Griffin didn’t talk about Anna Nicole Smith right after she died out of respect. As Greg Giraldo would have said, “Too soon, too soon.” Griffin revealed deeply personal information– both of her parents were functional alcoholics, and her oldest brother was a pedophile and substance abuser.

Griffin tried to raise the alarm about her brother, but, as she joked– her parents thought “denial” was a river in Egypt. She admitted to two major errors in her life– poor judgment in both her marriage and in having liposuction. Read the book to learn the details of this and other episodes.

SERIOUS ENDNOTE: Griffin had no qualms about making political statements unrelated to the awards shows she attended. It is therefore not inappropriate to make a political statement unrelated to Griffin’s book, below.

This nation seems to be in denial about the amount of debt load currently carried by not only individuals and businesses, but by the federal government and local governments. It appears that bankruptcies of government entities is the next financial crisis in the offing; the reason why, will be explained shortly.

Within the last thirty or so years alone, the United States has seen greed fests and then busts with regard to junk bonds, savings and loan associations, derivatives, tech stocks, and subprime mortgages, just to name a few. Mortgage-backed securities used to be one of the lowest-risk investments around. Tax-free municipal bonds are presumably still one of the lowest-risk investments around.

BUT one small bond brokerage (and possibly others, too) whose website says it “specialize[s] in tax-free municipal bonds. That’s all we do.” recently changed the language on its customers’ monthly statements. It is forcing them to accept the words, “trading & speculation” (!) for their “Investment objective/Risk tolerance” or else they won’t be able to purchase bonds. It makes itself sound like a penny-stock broker-dealer of the 1980’s that churns accounts. Or a currency broker.

The brokerage is so phobic about covering itself legally that there must be bond issuers who are going to go belly up AFTER THE CURRENT PRESIDENT HAS BEEN REELECTED or has left office, whenever that is. (It might be recalled that Detroit took the plunge in July 2013, after Obama was reelected.) Or its brokers are getting greedy and unscrupulous. Or both. Good luck with that, all.
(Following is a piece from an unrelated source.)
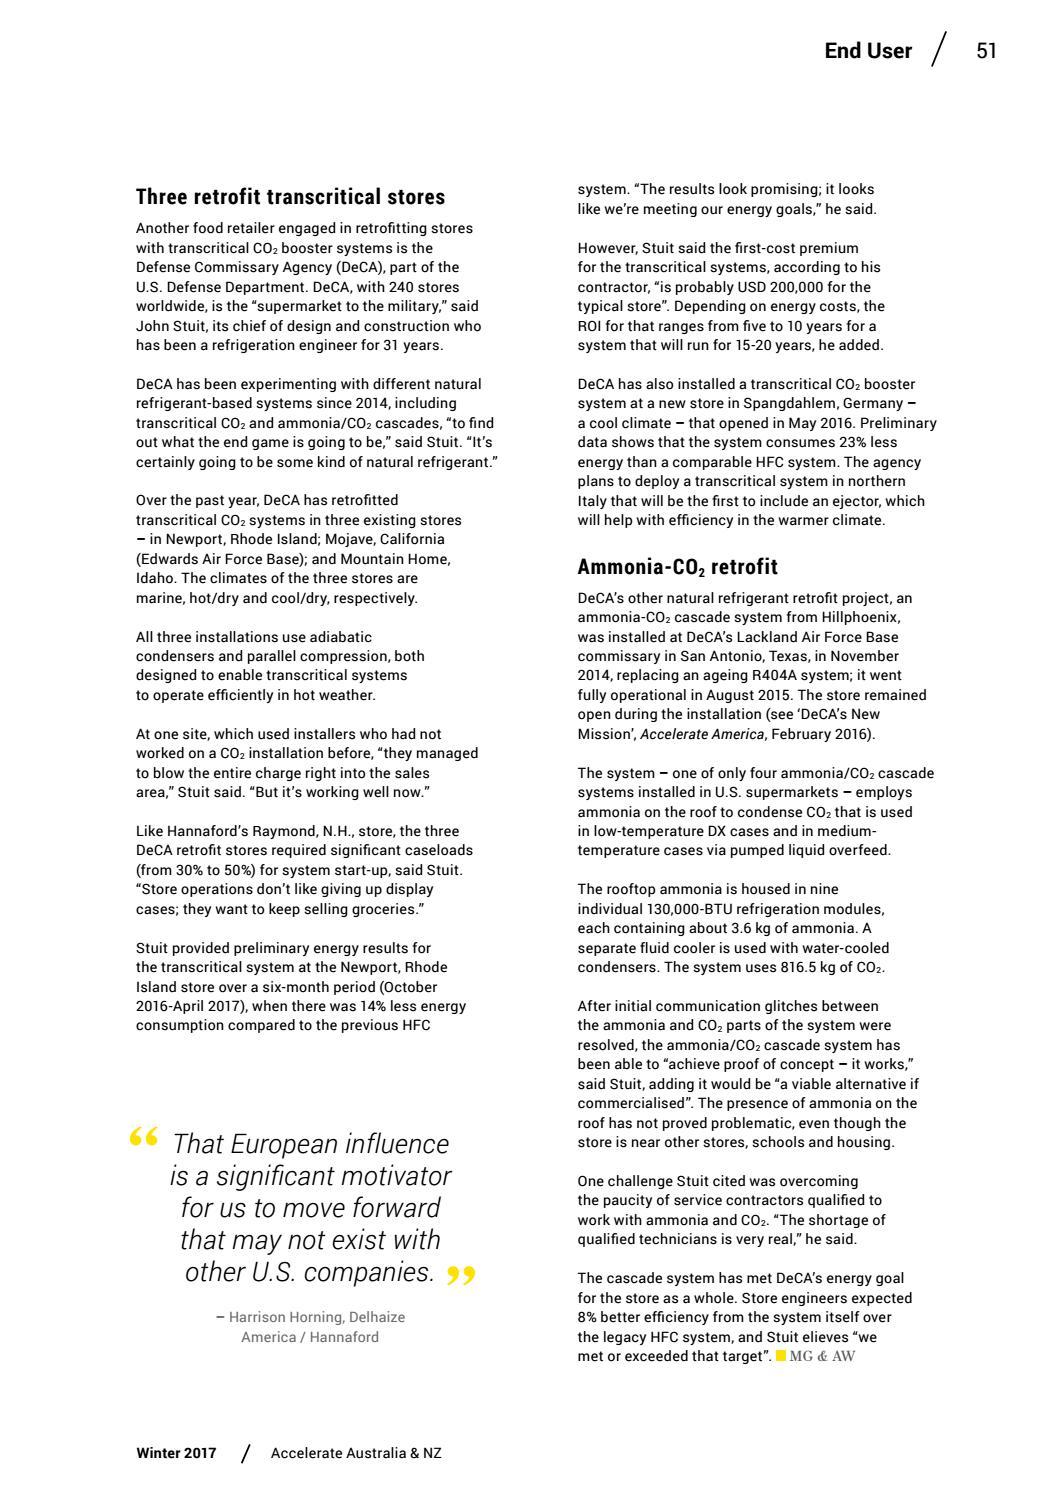 Accelerate Australia & NZ #6 Winter 2017 by shecco - issuu

Mistaken Identity – BONUS POST

The Bonus Book of the Week is “Mistaken Identity” by Don & Susie Van Ryn and Newell, Colleen & Whitney Cerak, with Mark Tabb, published in 2008. This is a long, true story of a cluster-screw-up of honest ineptitude whose negative consequences were mitigated by the virtuous nature of the people involved.
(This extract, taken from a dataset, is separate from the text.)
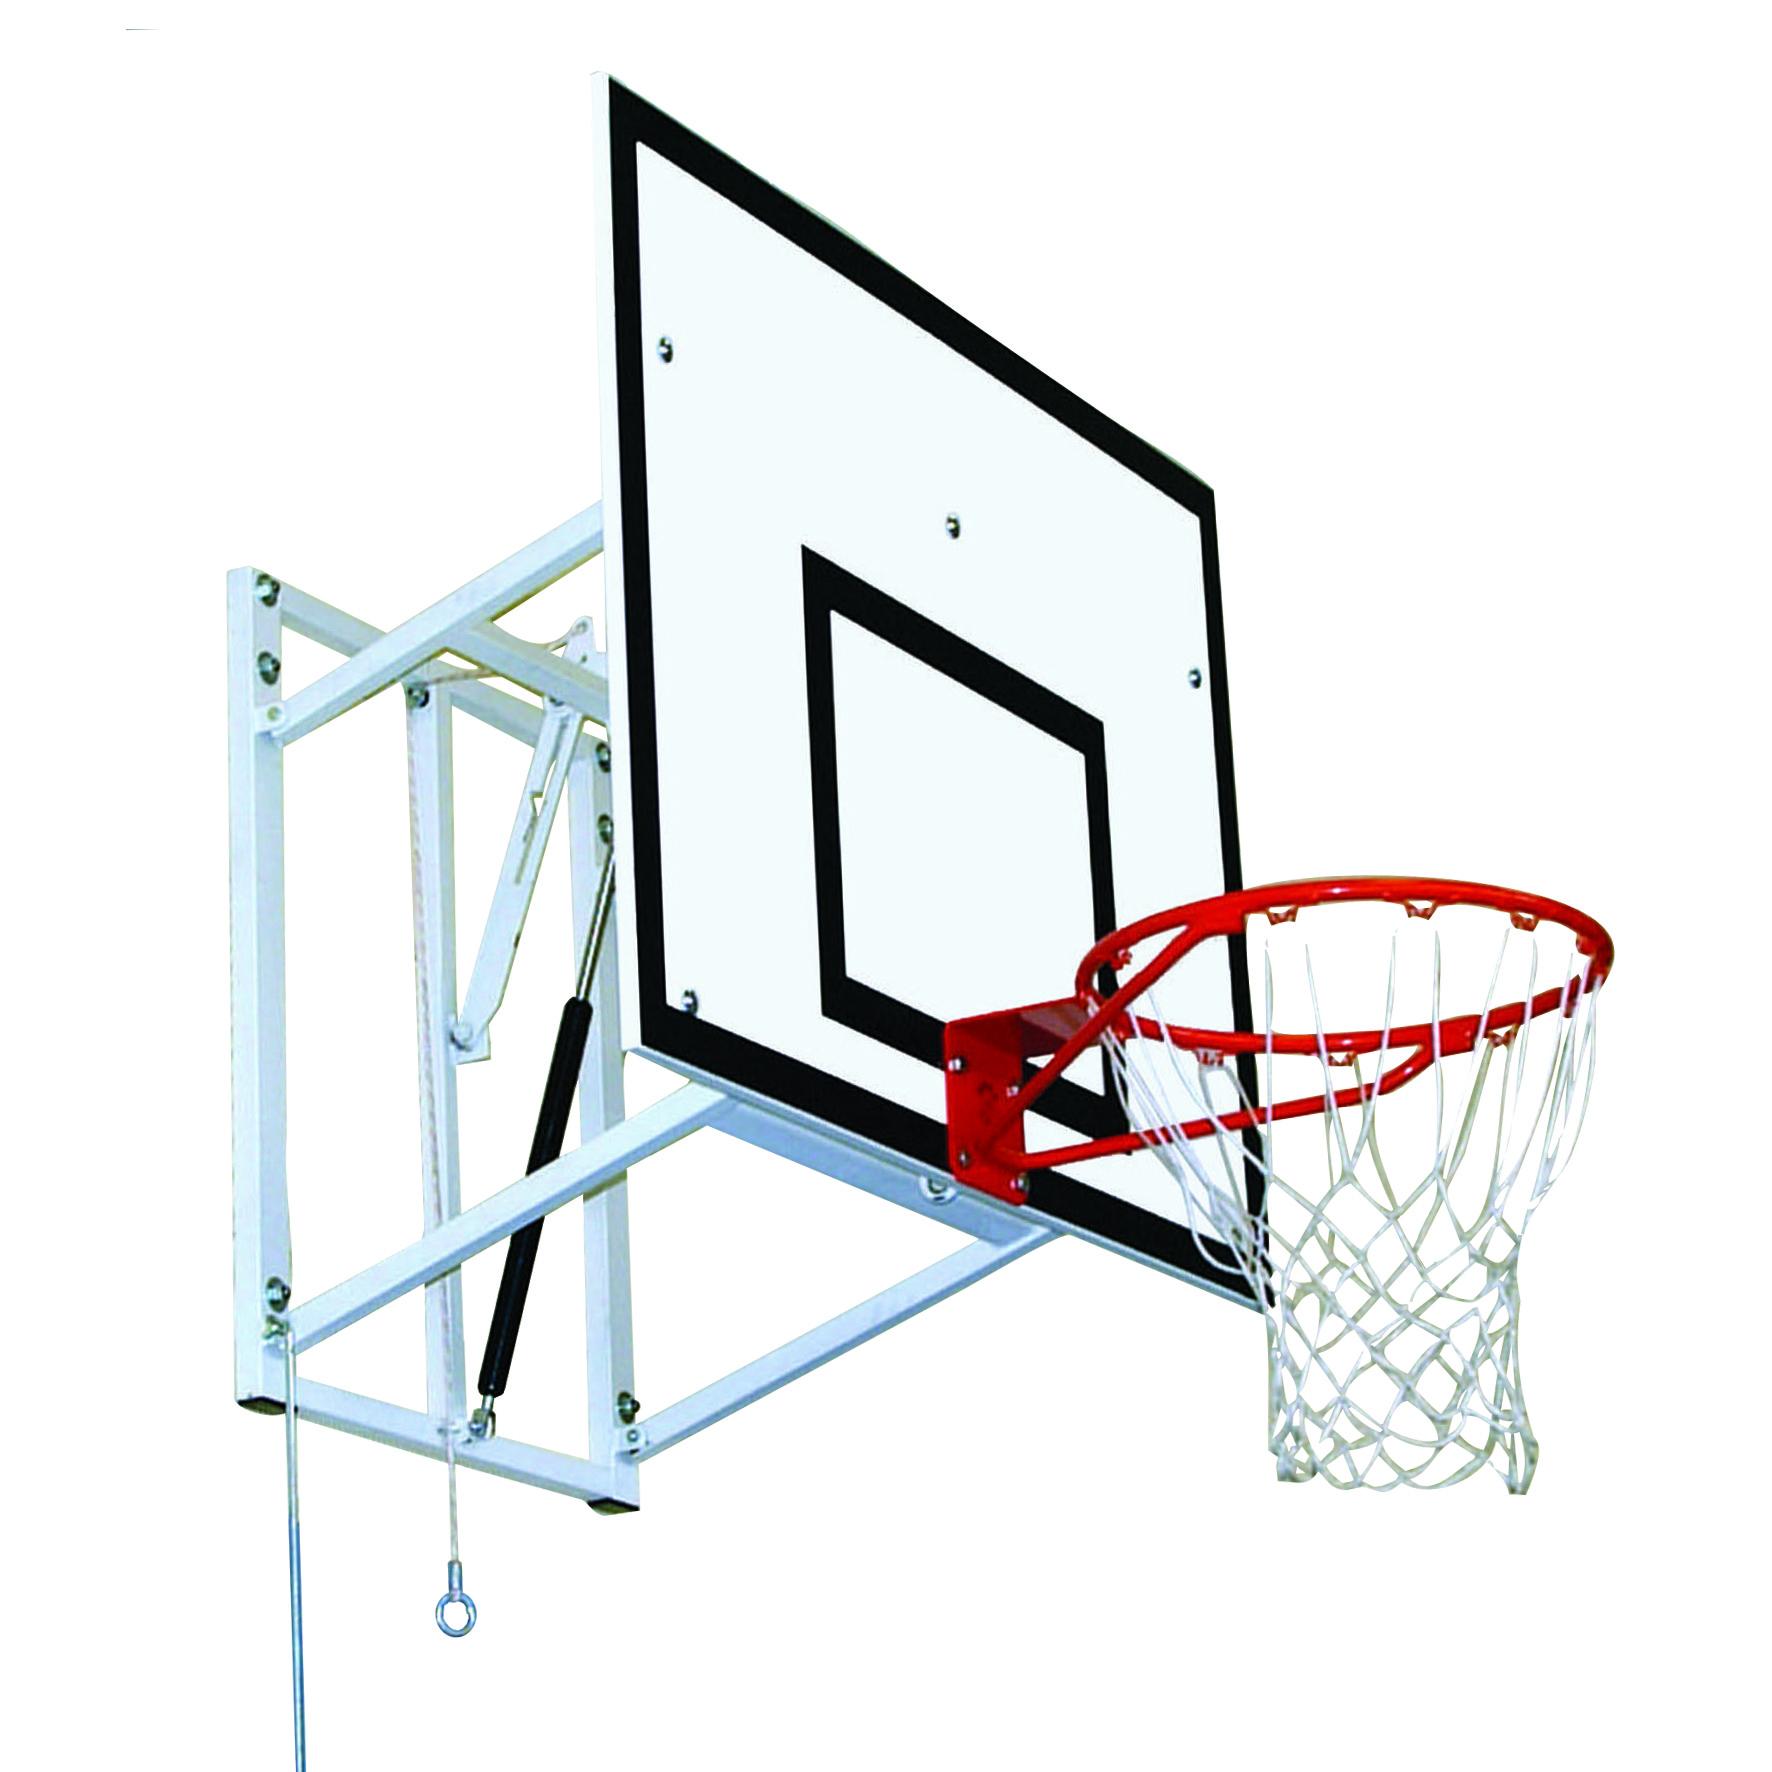 Adjustable Height Practice Basketball Goal by Unisport

The families of the victims described in this book weren’t vengeful and didn’t look for someone to blame or sue, pursuant to the tragedy. They were forgiving, and saw the positive consequences of it– they widened their social circle and became a good example for others of civil and mature behavior.

In late April 2006, two female Taylor College students from Michigan who shared an employer happened to be riding home in the same van in Fort Wayne, Indiana. They didn’t know each other. However, their appearance, build and facial features happened to be largely similar. The van was involved in a tragic accident. Along with other passengers, one of them died, and the other lived but had serious injuries.

In the aftermath, the one who lived remarked, “A lot of what was written in different magazines was wrong, and I think it gave me a different perspective on people and the media that I never had before.”

Read this book (not media stories) to get an accurate picture of what happened to the two families of the accident victims.